Персоны для разоблачительного отстрела в статьях были намечены в высшей руководящей инстанции республики - Центральном Комитете партии: режиссер купаловского театра Лев Литвинов {в скобках давалась фамилия, с которой он родился, Гуревич – чтобы не возникало сомнения, какого он происхождения}, недавний художественный руководитель еще не ликвидированного республиканского Еврейского театра Виктор Головчинер, театральный критик Михаил Модель – все евреи. И когда статьи были, что называется, доведены до кондиции, получили “добро “ в ЦК, там ли подметили, в самих ли редакциях сообразили, что еврейские фамилии авторов статей не очень к месту под этими бомбами.

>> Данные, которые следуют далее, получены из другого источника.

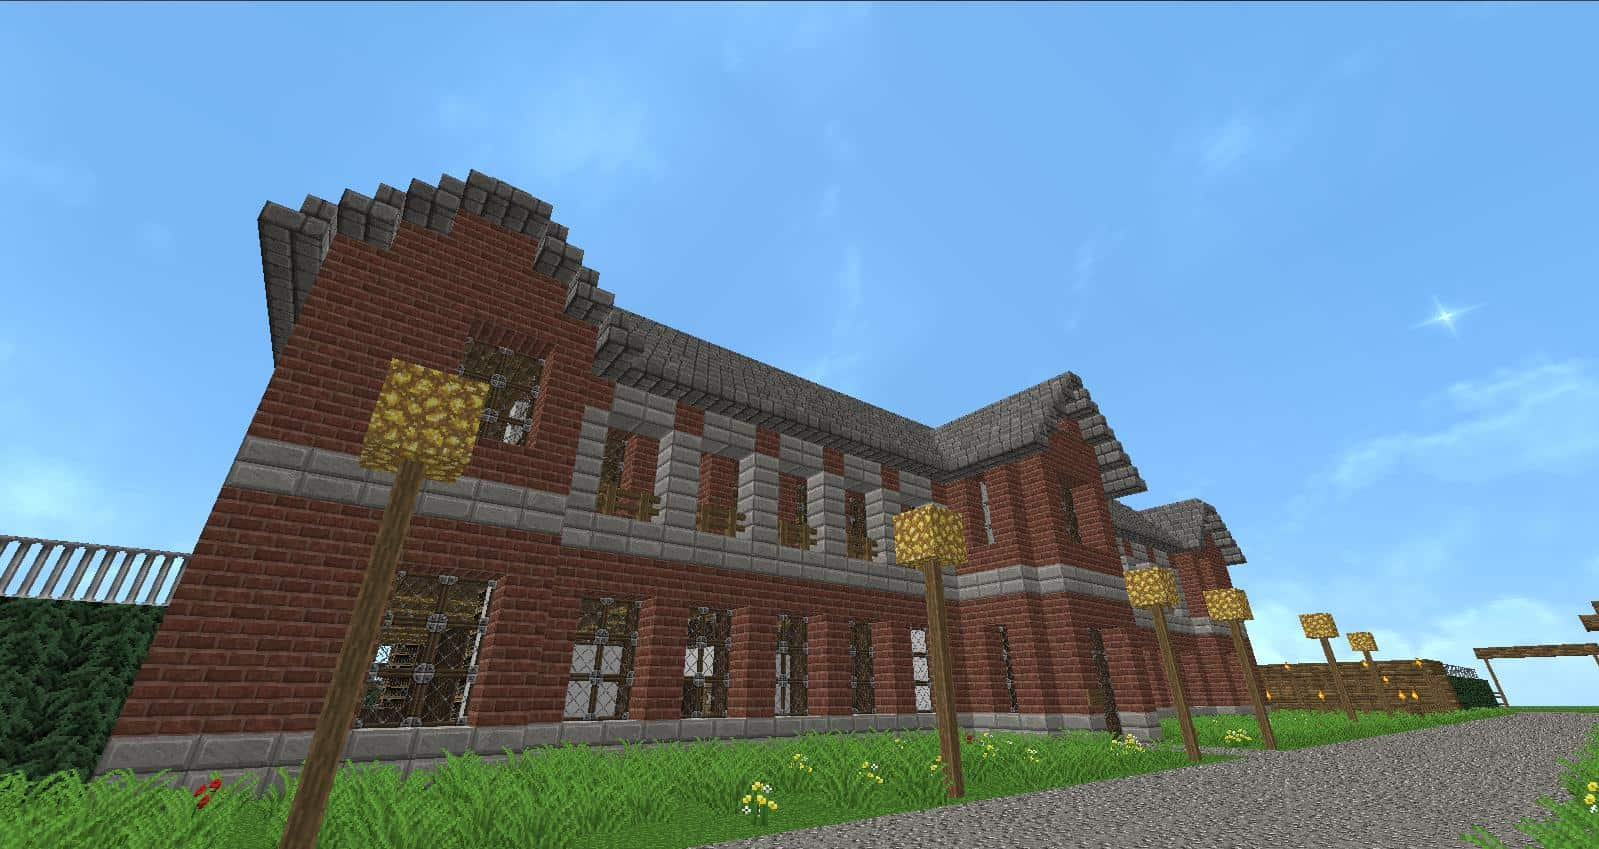 Image Result For Farm Minecraft Barn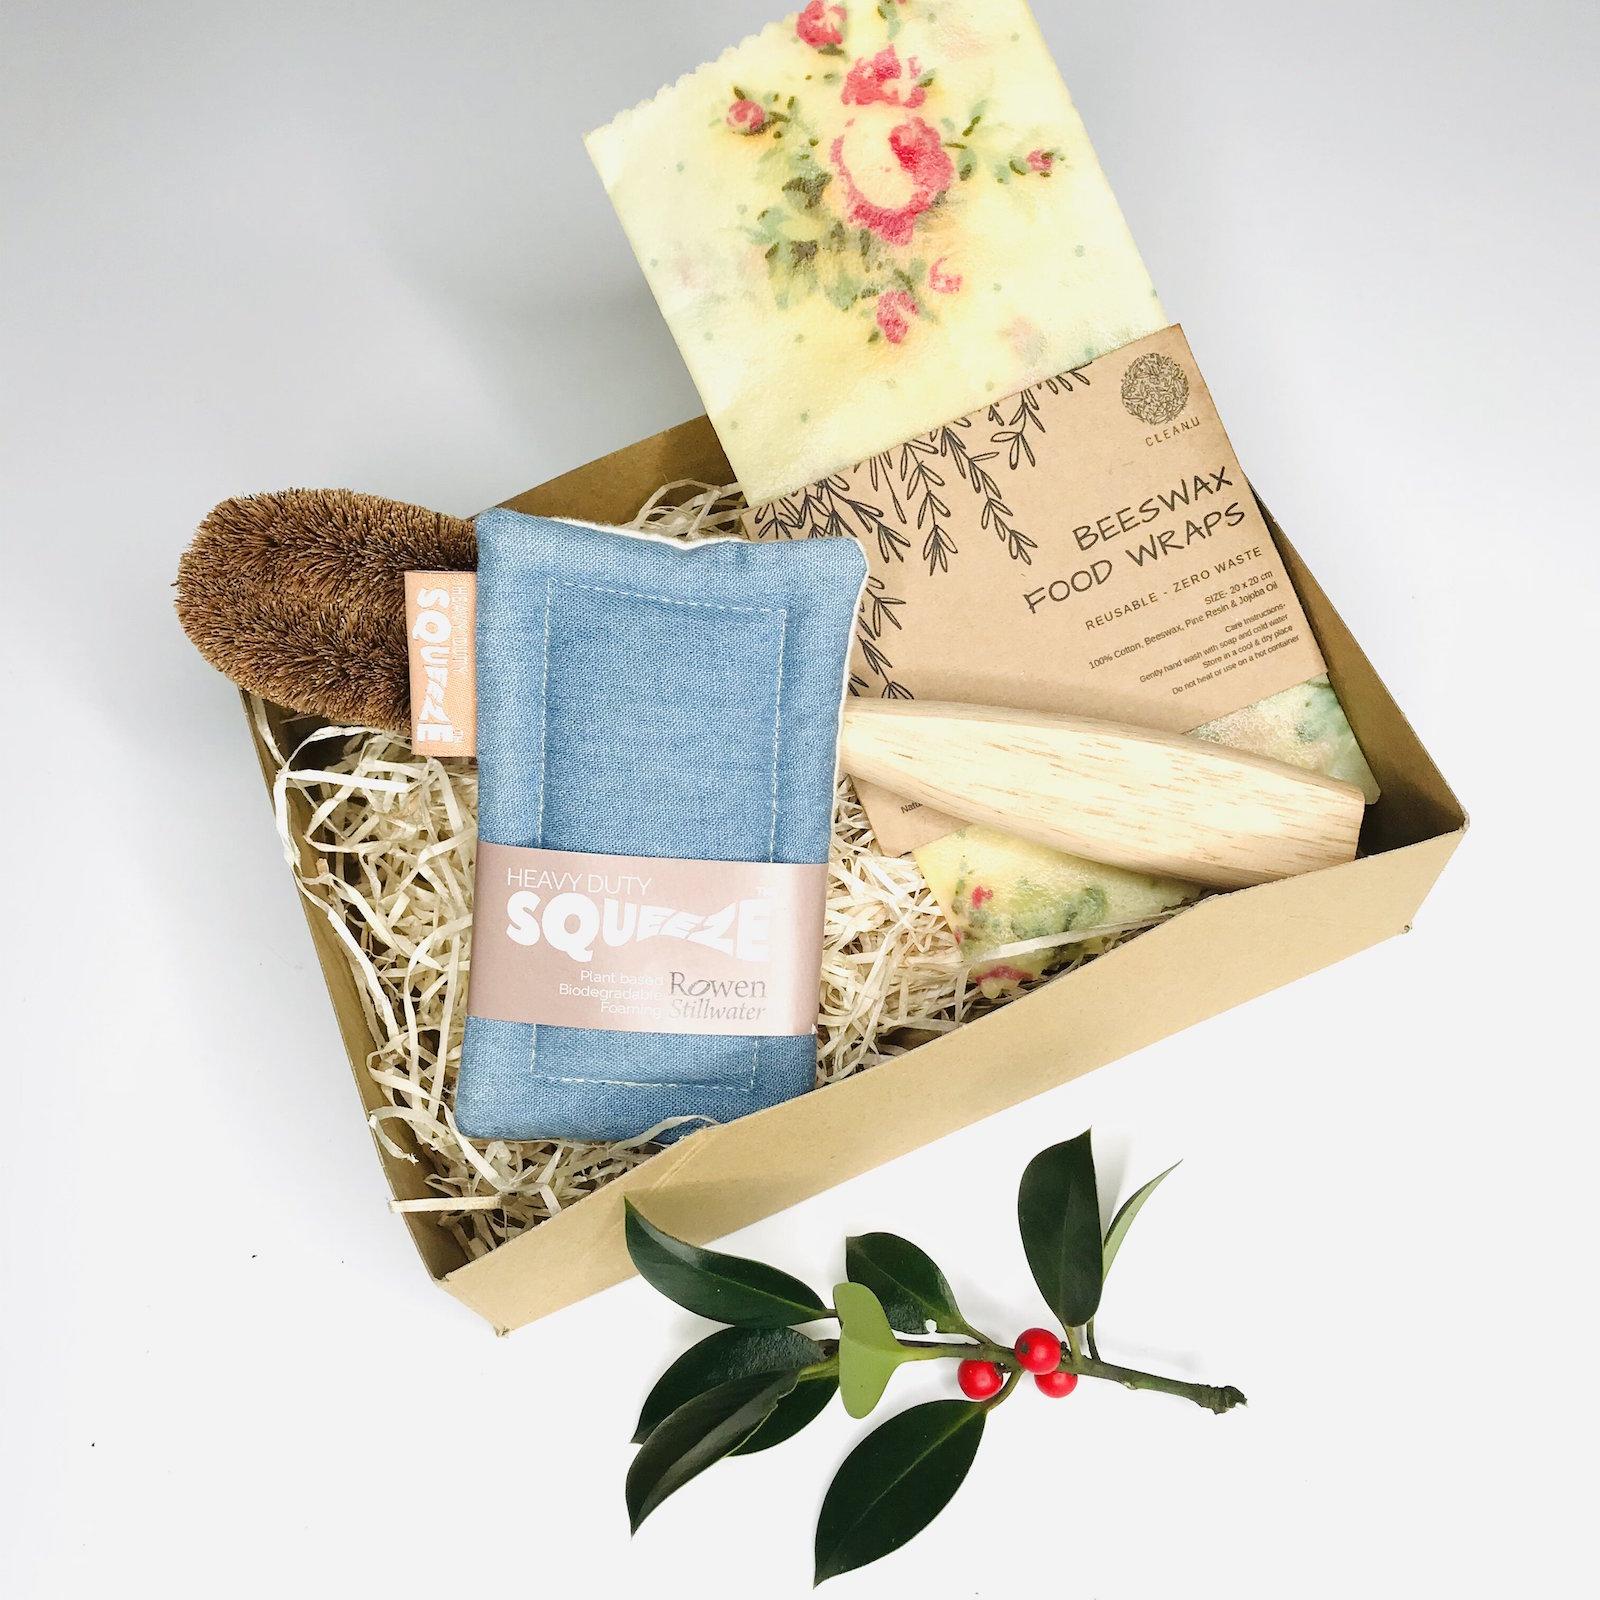 Product image for zero waste kitchen starter kit

В “Звяздзе” ограничились добавлением к Герцовичу соавтором Пузикова, заведывавшего в редакции отделом пропаганды. В “Советской Белоруссии” авторство Иоффе просто не указали, поставили под статьей подпись Ал. Романова, ответственного редактора газеты (будущего цензурно-бдительного председателя Госкино СССР).

Но когда бомбы взорвались, взрывом накрыло и самих подневольных бедолаг-бомбоизготовителей. Через считанные дни после опубликования статей в бурно разрастающемся числе обвиняемых в космополитизме очутились и Герцович с Иоффе. А еще через считанные дни в Минске взорвалась бомба другого рода, потрясшая журналистскую и литературную братию,-- непосредственно за рабочим столом в редакции Герцович пальнул в себя из револьвера. Метил в сердце, прострелил легкое. Не знаю, так ли это на самом деле, но, насколько помнится из рассказывавшегося звездовцами, по выздоровлении исключен он был из партии не за вешавшееся на него до случившегося, а за хранение привезенного с фронта оружия.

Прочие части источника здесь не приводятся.